After the below code implementing the reduction, I'll also post an example processing CSV.

import itertools
import logging
import re

from fuzzingbook.GrammarFuzzer import tree_to_string
from fuzzingbook.Grammars import RE_NONTERMINAL, is_nonterminal
from fuzzingbook.Parser import EarleyParser


class Reducer:
    def __init__(self, grammar,
                 concrete_input,
                 test,
                 expected_exc_type=Exception,
                 max_tries_for_generalization=50,
                 max_tries_for_validation=200,
                 max_retries_after_failed_validation=3):
        self.grammar = grammar
        self.test = test
        self.max_tries_for_generalization = max_tries_for_generalization
        self.max_tries_for_validation = max_tries_for_validation
        self.max_retries_after_failed_validation = max_retries_after_failed_validation
        self.expected_exc_type = expected_exc_type
        self.logger = logging.getLogger("Reducer")
        self.concrete_input = concrete_input

        if max_tries_for_validation < max_tries_for_generalization:
            self.max_tries_for_validation = 2 * max_tries_for_generalization

    def reduce(self, concrete_input=None):
        """Implements the idea of Delta Debugging for input trees."""
        self.logger.info("PHASE START: Reduction à la Delta Debugging.")

        if concrete_input is None:
            concrete_input = self.concrete_input

        parse_tree = list(EarleyParser(self.grammar).parse(concrete_input))[0]

        did_generalize = True
        while did_generalize:
            paths = [[0]]
            did_generalize = False

            while paths:
                path = paths.pop()

                node, children = Reducer.get_subtree(parse_tree, path)
                tree_for_log = tree_to_string((node, children))

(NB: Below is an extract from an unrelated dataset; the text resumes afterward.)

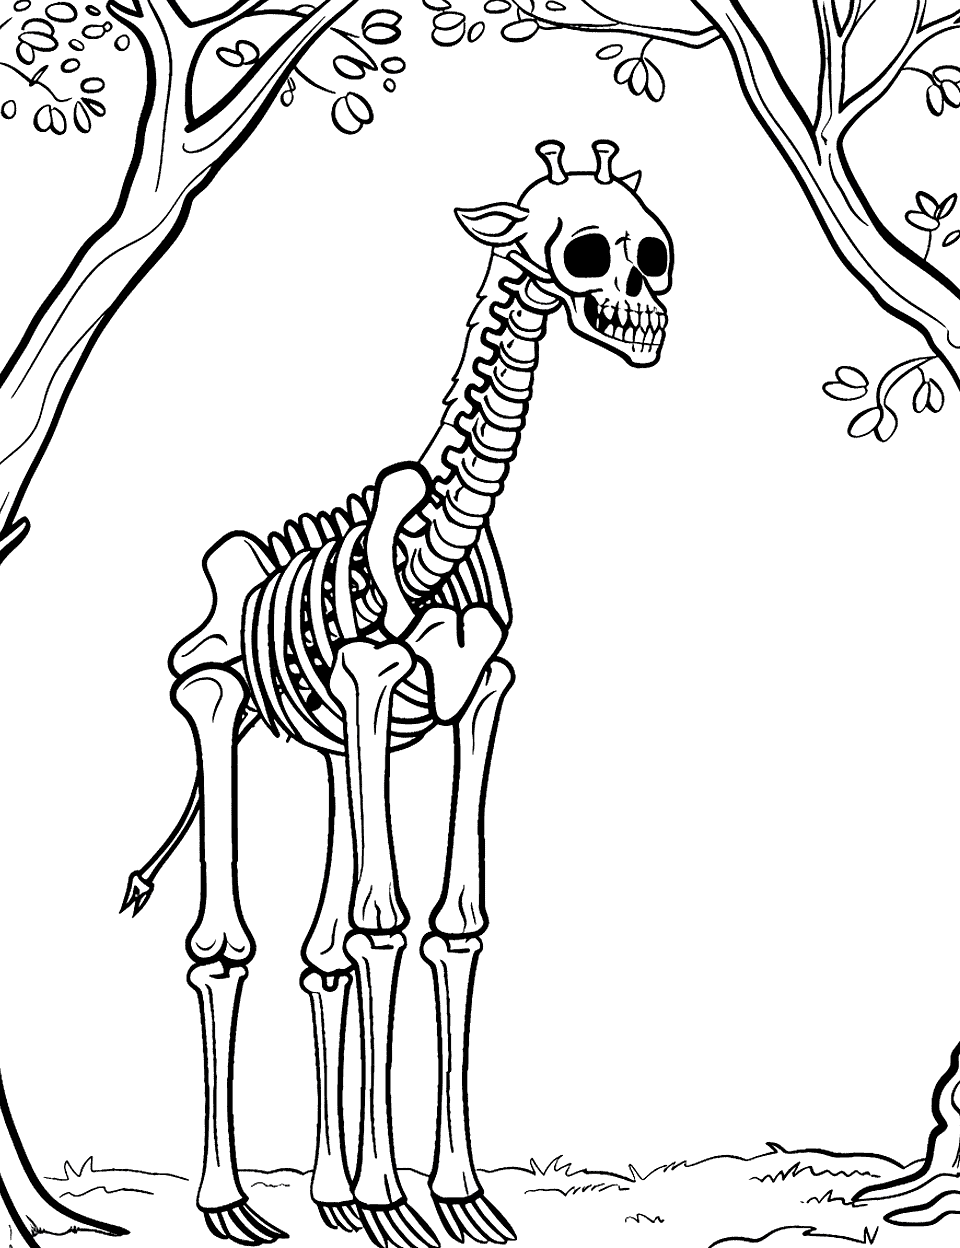 Giraffe Skeleton Looking Over Trees Coloring Page - A giraffe skeleton peering over trees, showcasing its long neck.

                compatible_subtree_paths = []
                for i, child in enumerate(children):
                    compatible_paths = self.find_paths(child, lambda p, t: t[0] == node)
                    if compatible_paths:
                        compatible_subtree_paths.extend(list(map(lambda p: path + [i] + p, compatible_paths)))

                did_replace = False

                # Step 1: Try to replace this subtree by one of its subtree
                for compatible_path in compatible_subtree_paths:
                    subtree = Reducer.get_subtree(parse_tree, compatible_path)
                    maybe_new_input = Reducer.replace_subtree(parse_tree, subtree, path)
                    if self.test_input(tree_to_string(maybe_new_input)):
                        self.logger.info(f"Generalizing path {path}, "
                                         f"replacing {tree_to_string((node, children))} "
                                         f"with {tree_to_string(subtree)}")
                        parse_tree = maybe_new_input
                        self.logger.info(f"Current input: {tree_to_string(parse_tree)}")
                        did_replace, did_generalize = True, True
                        break

                # Step 2: Try to choose another expansion in the grammar to replace the
                # children set by just one child or fewer children.
                if not did_replace:
                    expansions = [list(filter(lambda l: l, re.split(RE_NONTERMINAL, e)))
                                  for e in self.grammar.get(node, [])]

                    current_expansion = [node for node in [c[0] for c in children]]

                    for elements in [e for e in expansions if e != current_expansion]:
                        # Find matching subtrees for each nonterminal
                        nonterminals = [e for e in elements if is_nonterminal(e)]
                        compatible_subtree_paths = [None] * len(nonterminals)
                        for k, nonterminal in enumerate(nonterminals):
                            compatible_subtree_paths[k] = []
                            for i, child in enumerate(children):
                                compatible_paths = self.find_paths(child, lambda p, t: t[0] == nonterminal)
                                if compatible_paths:
                                    compatible_subtree_paths[k].extend(
                                        list(map(lambda p: path + [i] + p, compatible_paths)))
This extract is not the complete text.